══ DATA SHOWN ══

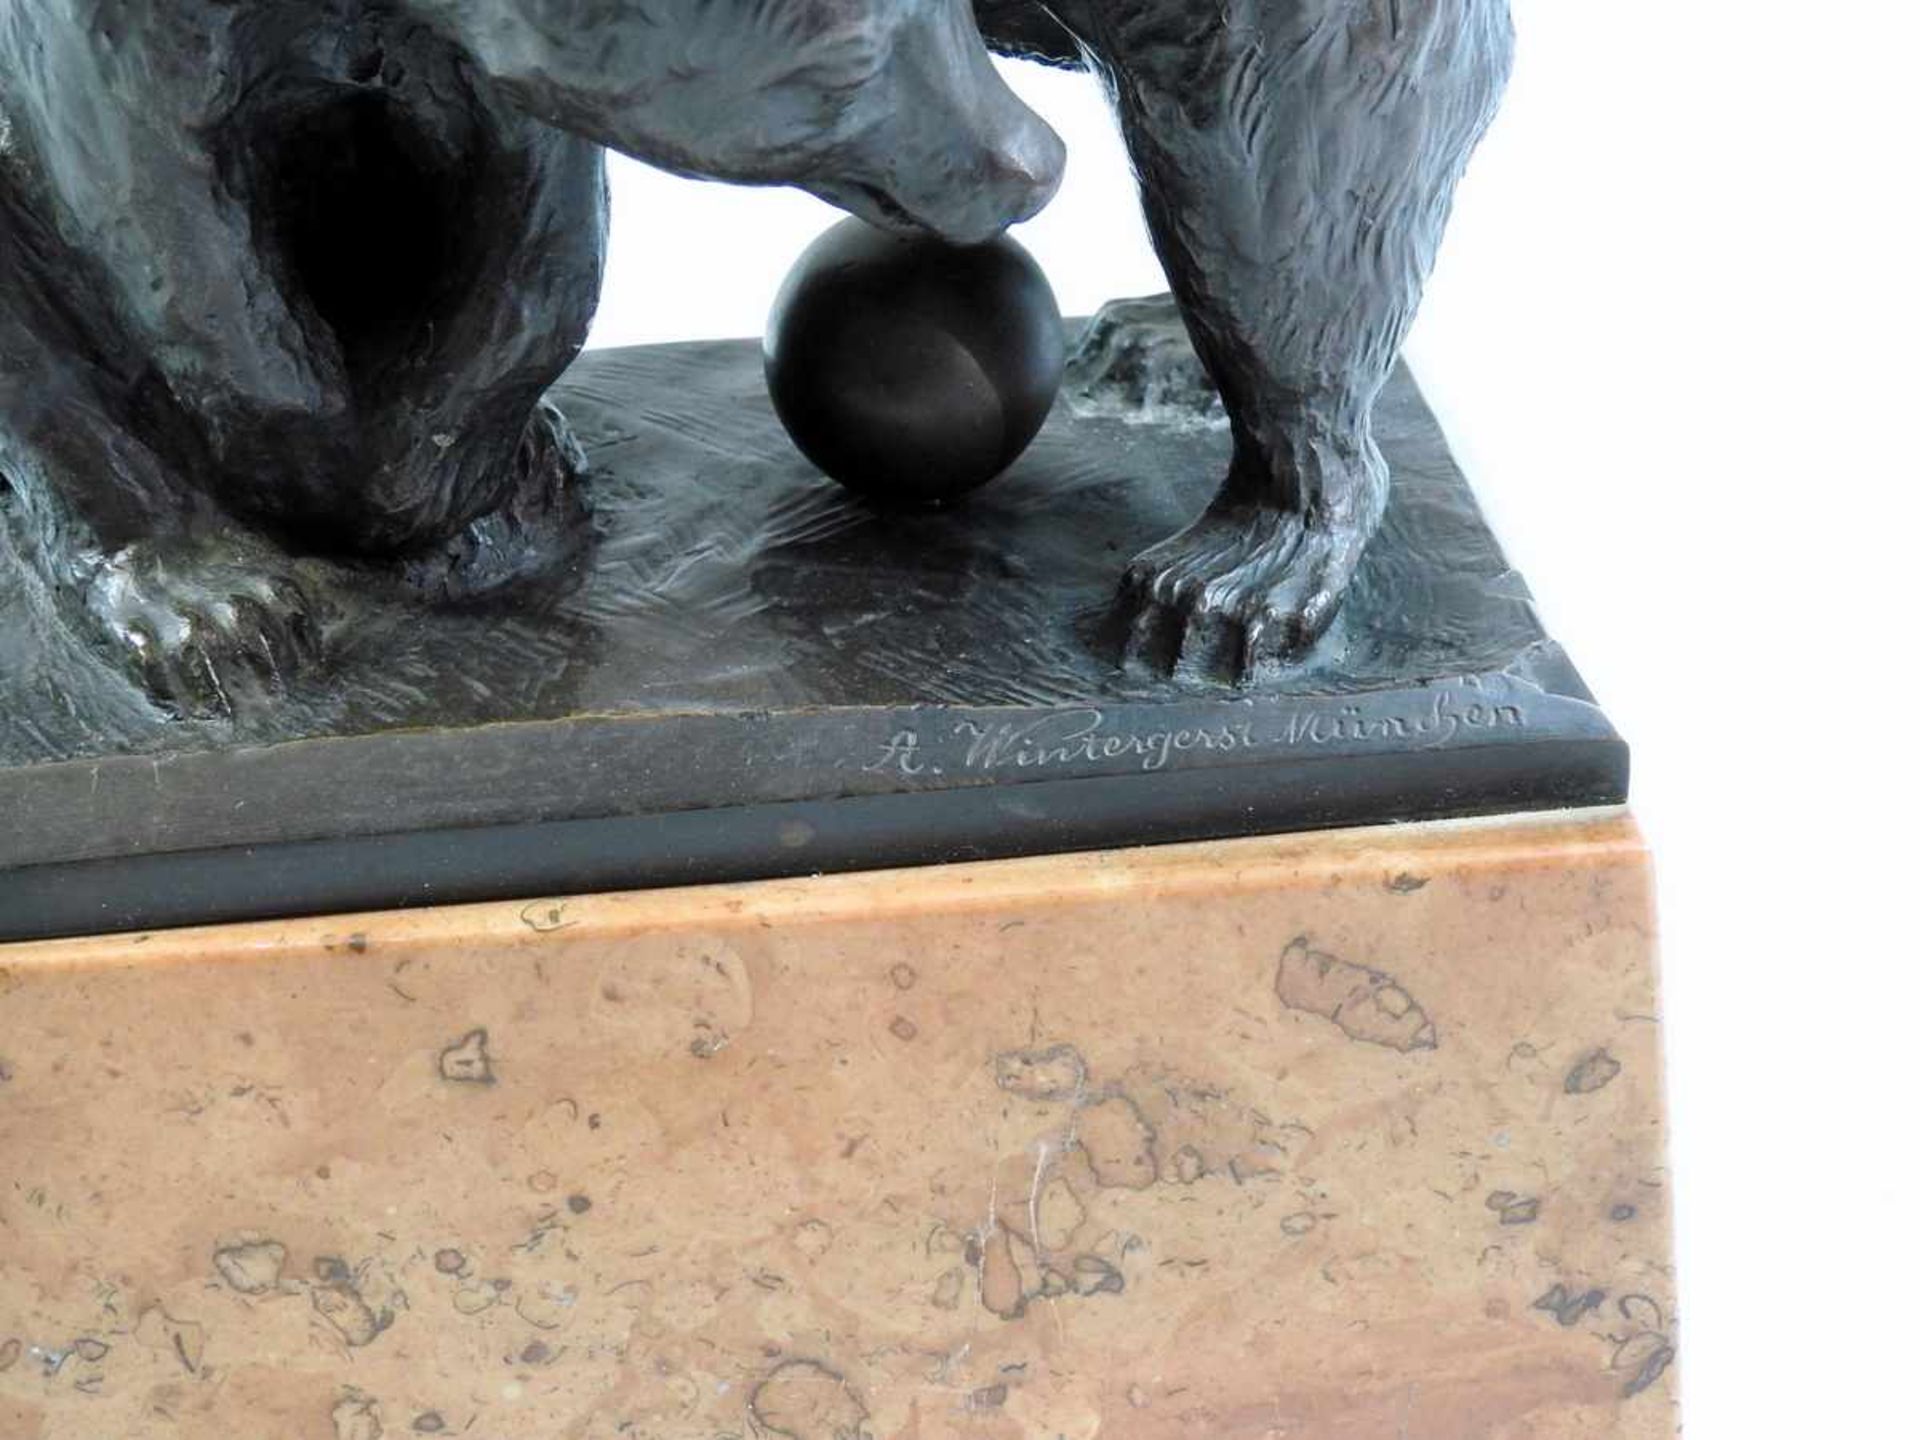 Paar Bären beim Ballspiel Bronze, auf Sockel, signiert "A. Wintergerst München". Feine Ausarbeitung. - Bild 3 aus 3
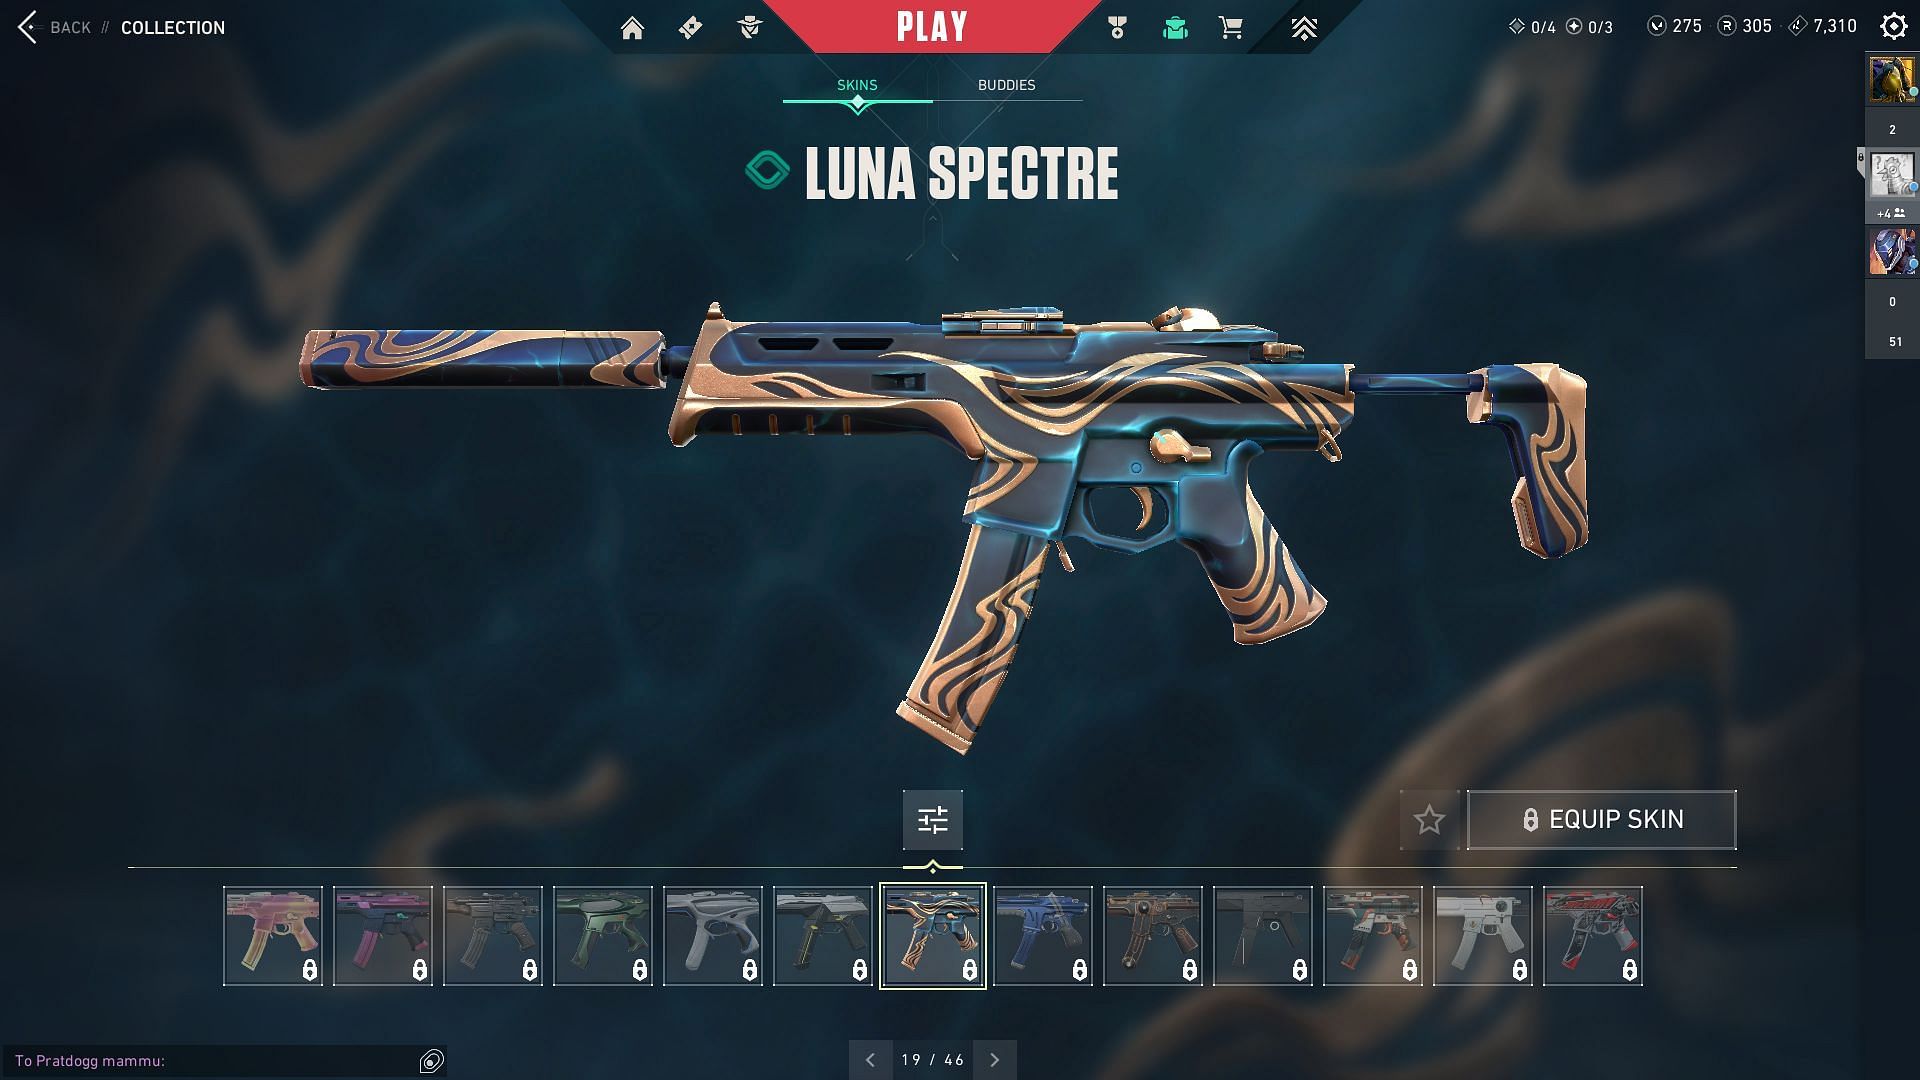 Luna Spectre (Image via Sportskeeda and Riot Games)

═══
══ DATA SHOWN ══

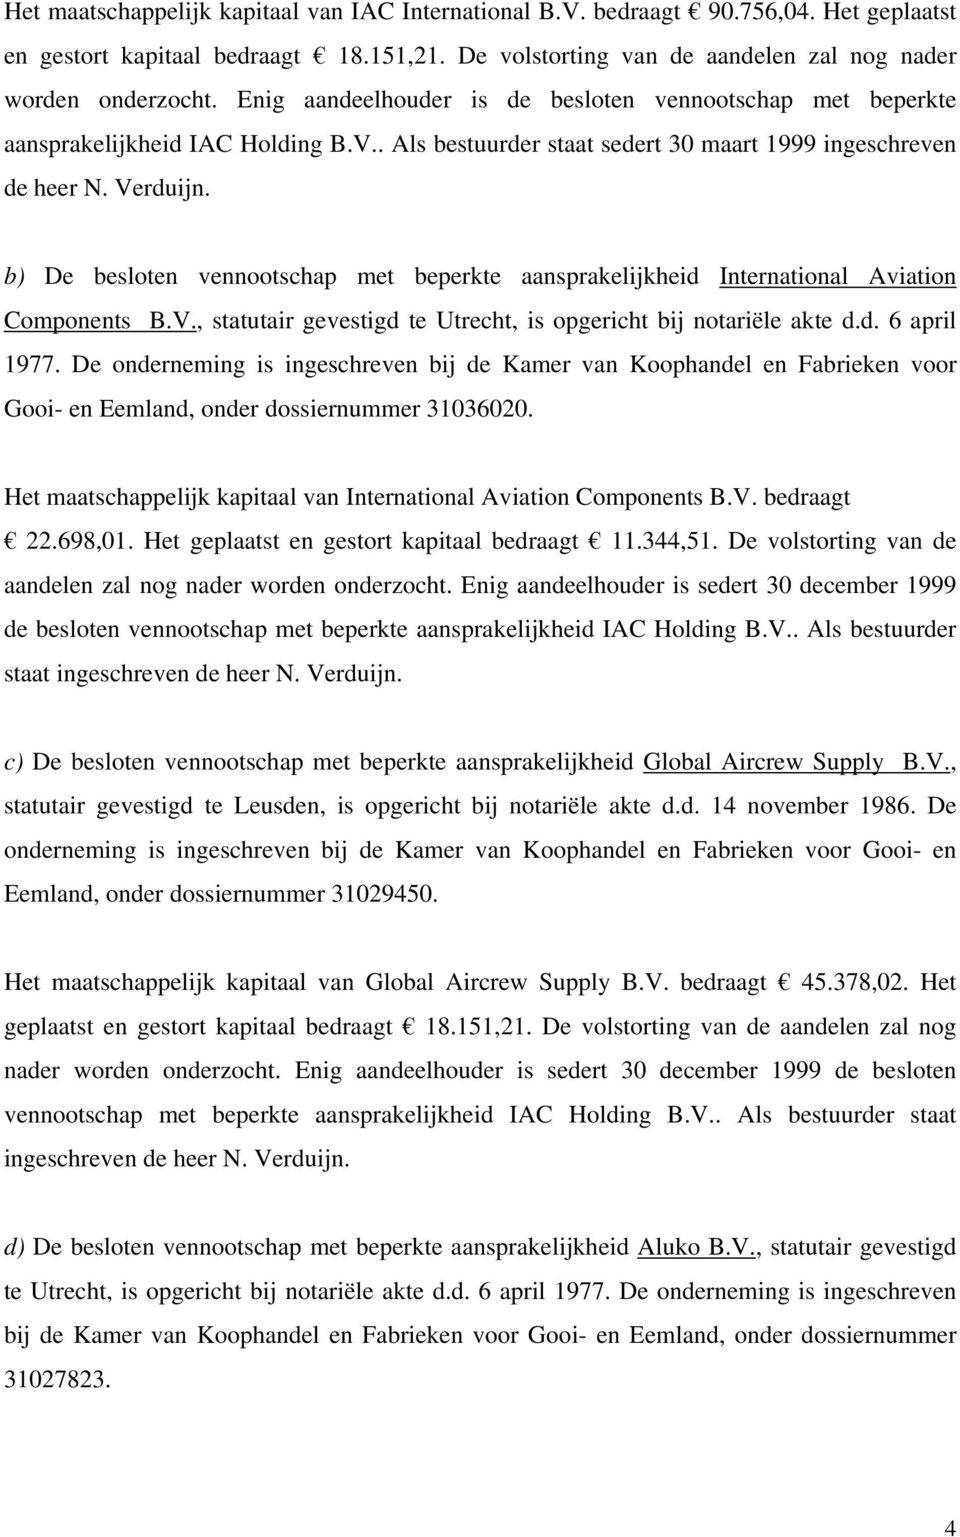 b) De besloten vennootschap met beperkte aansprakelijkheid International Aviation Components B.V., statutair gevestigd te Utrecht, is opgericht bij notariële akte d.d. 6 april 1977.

═══
══ DATA SHOWN ══

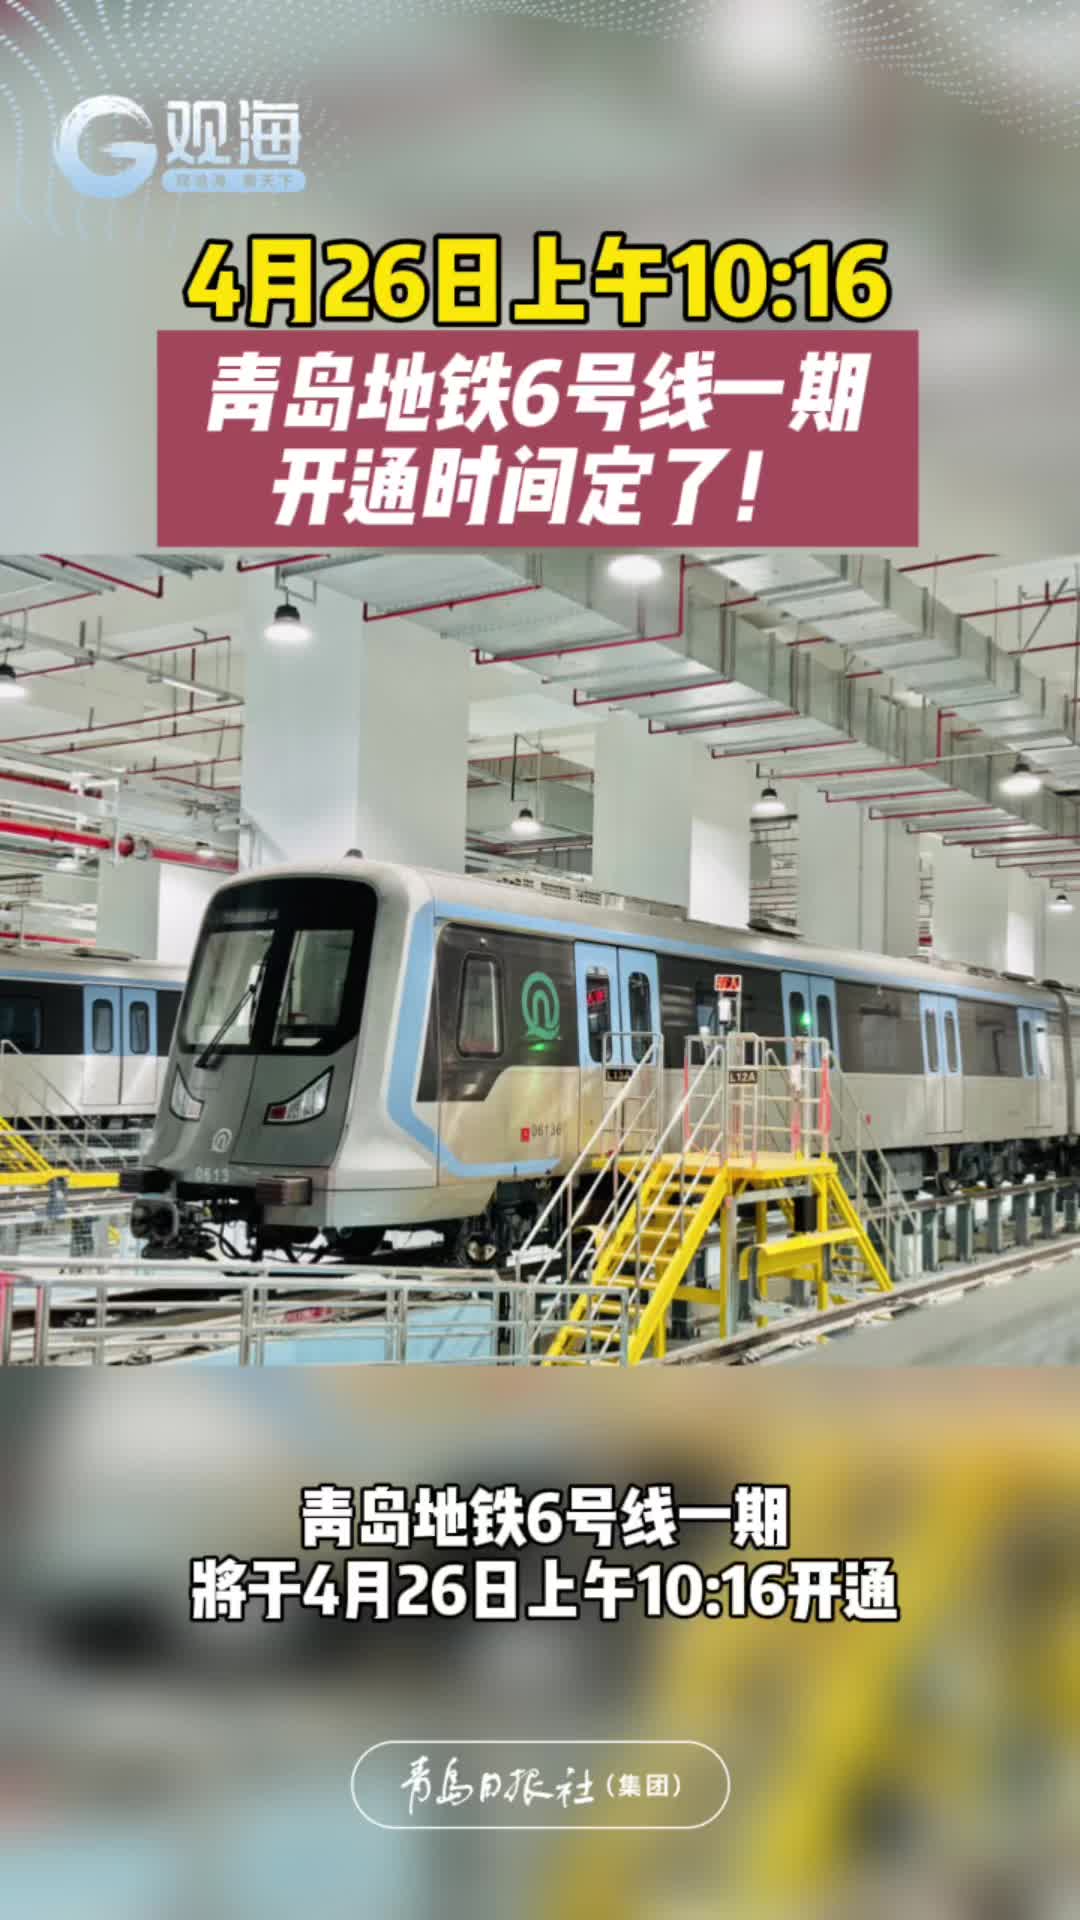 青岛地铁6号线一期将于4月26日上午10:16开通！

═══

**THE TASK**
Copy exactly the lines of the listing above between the one holding "Paar Bären beim" and the one holding "Luna Spectre (Image", inclusive; omit all pictures.

**FINAL ANSWER**
 Paar Bären beim Ballspiel Bronze, auf Sockel, signiert "A. Wintergerst München". Feine Ausarbeitung. - Bild 3 aus 3
 Luna Spectre (Image via Sportskeeda and Riot Games)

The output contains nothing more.